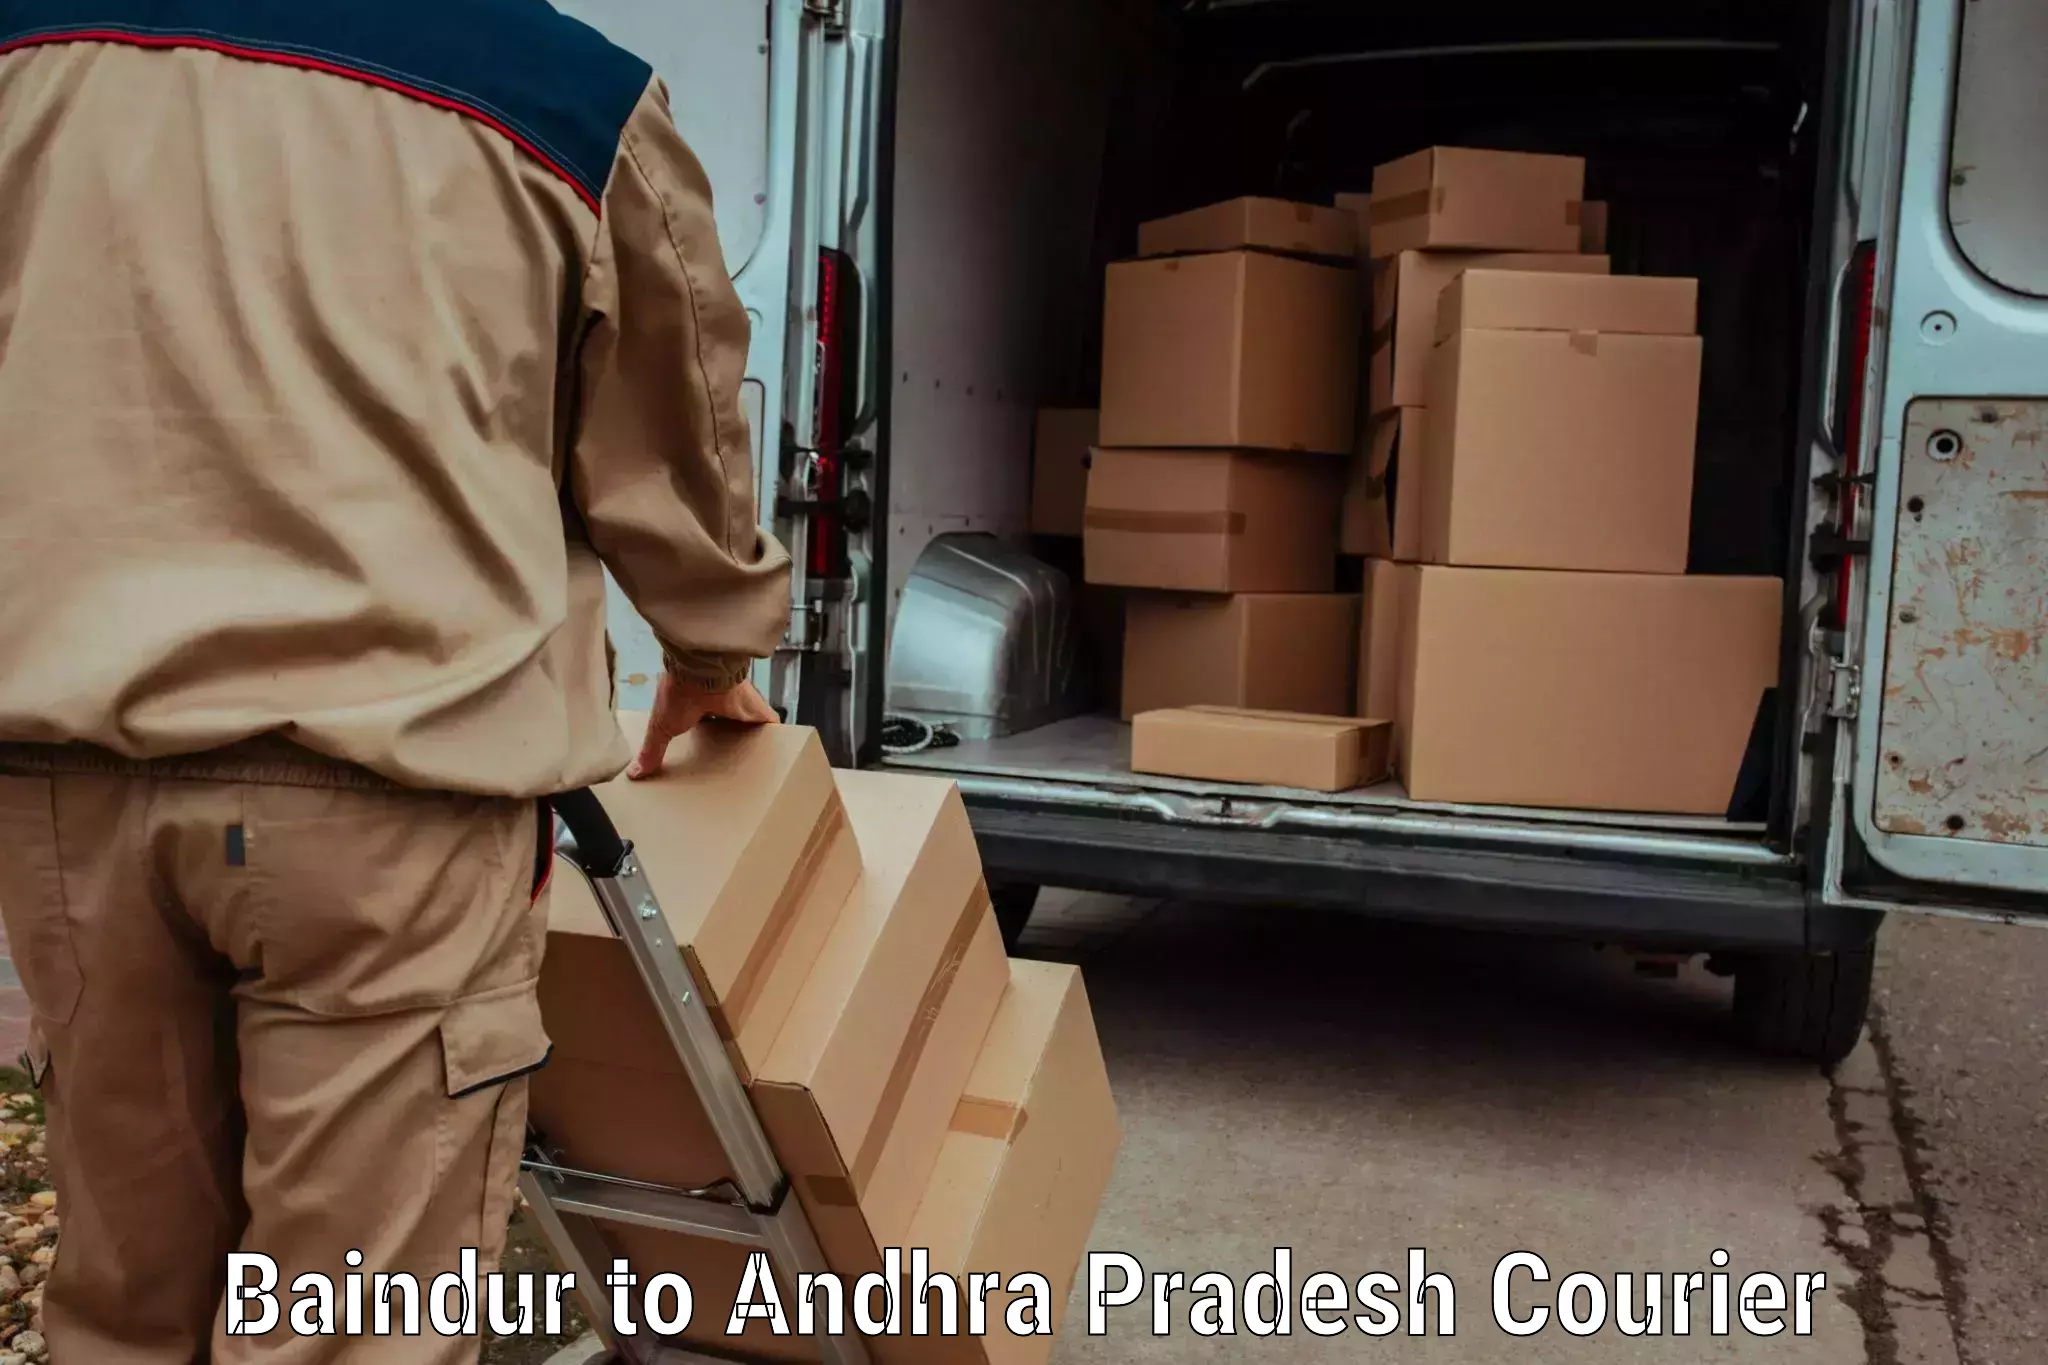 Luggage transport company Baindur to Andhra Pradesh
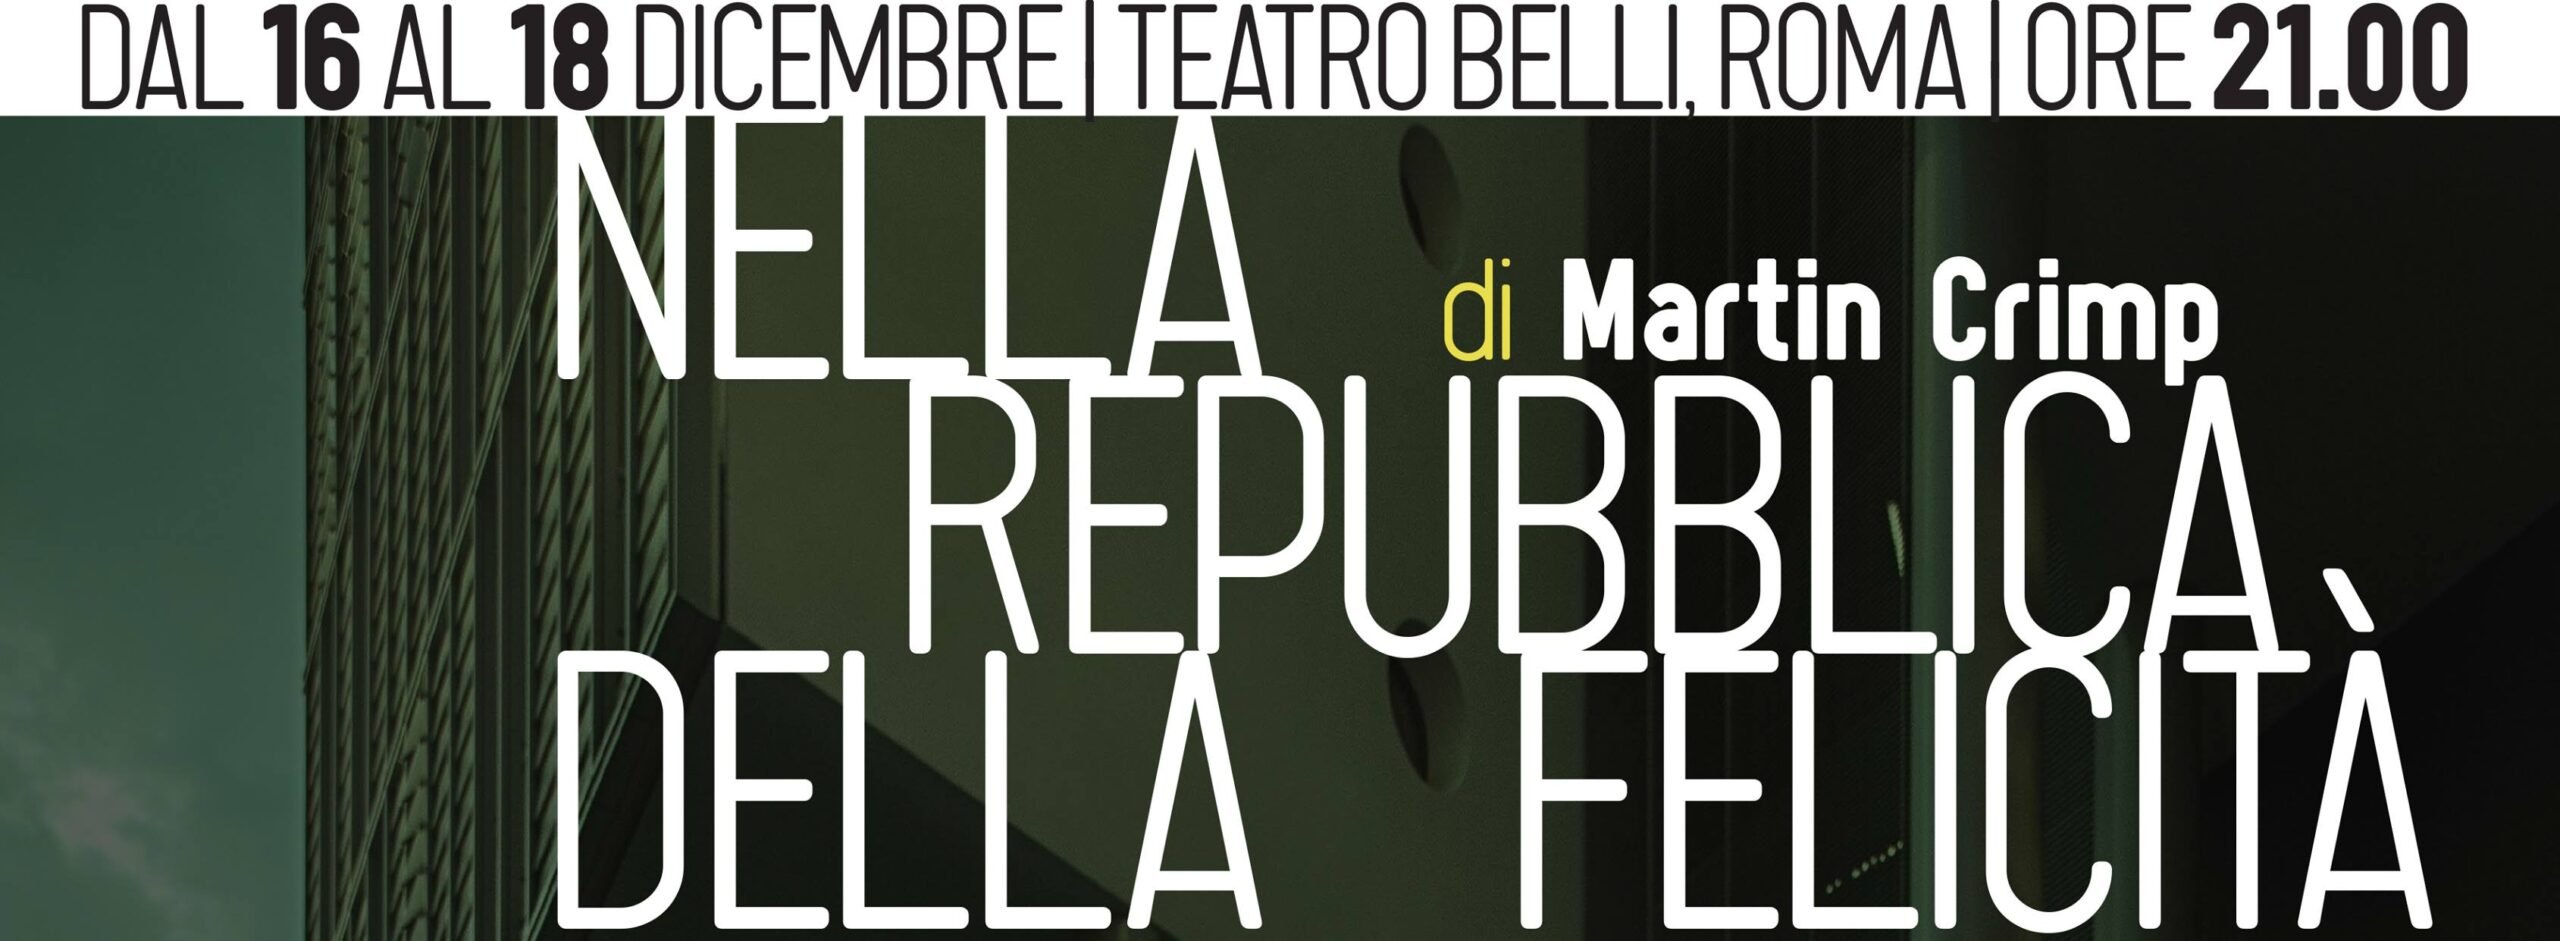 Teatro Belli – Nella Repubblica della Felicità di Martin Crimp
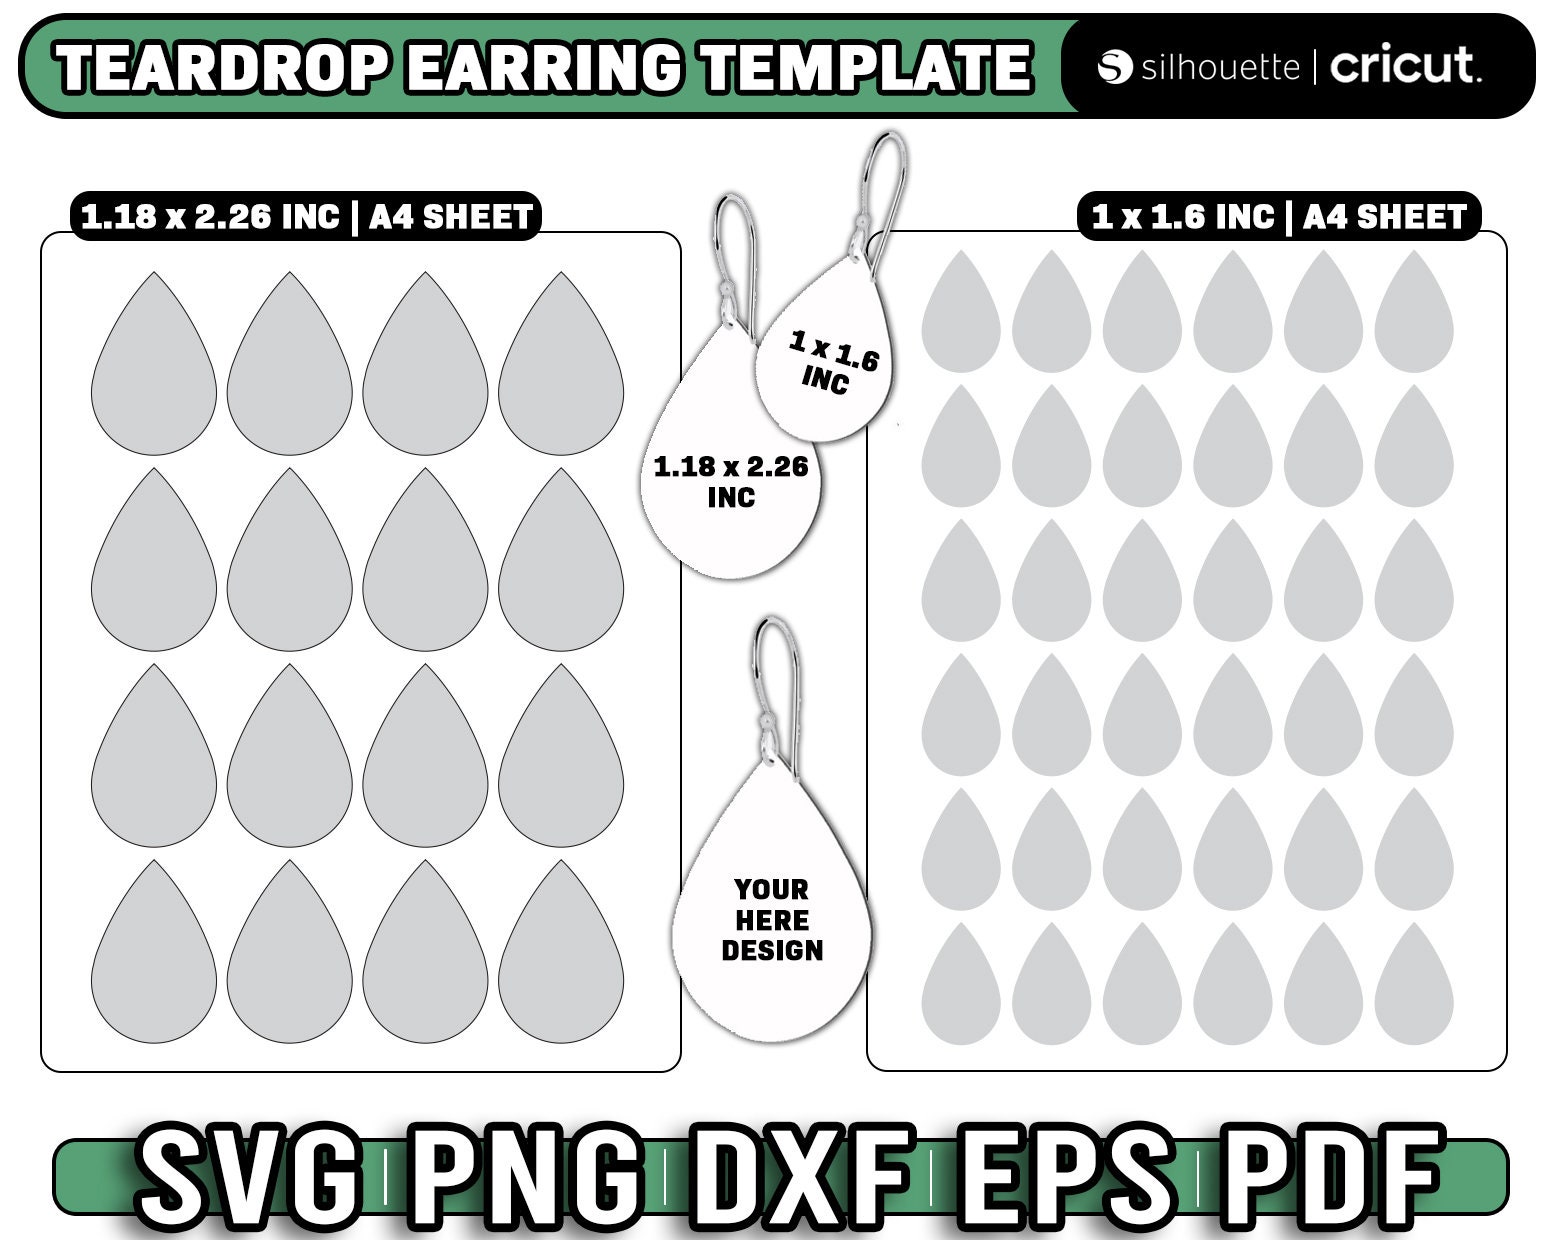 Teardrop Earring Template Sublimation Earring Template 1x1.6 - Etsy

> [Activity] The listing should be transcribed exactly. No picture is to appear in the transcription.

> [Expected answer]
 Luggage transport company Baindur to Andhra Pradesh
 Teatro Belli – Nella Repubblica della Felicità di Martin Crimp
 Teardrop Earring Template Sublimation Earring Template 1x1.6 - Etsy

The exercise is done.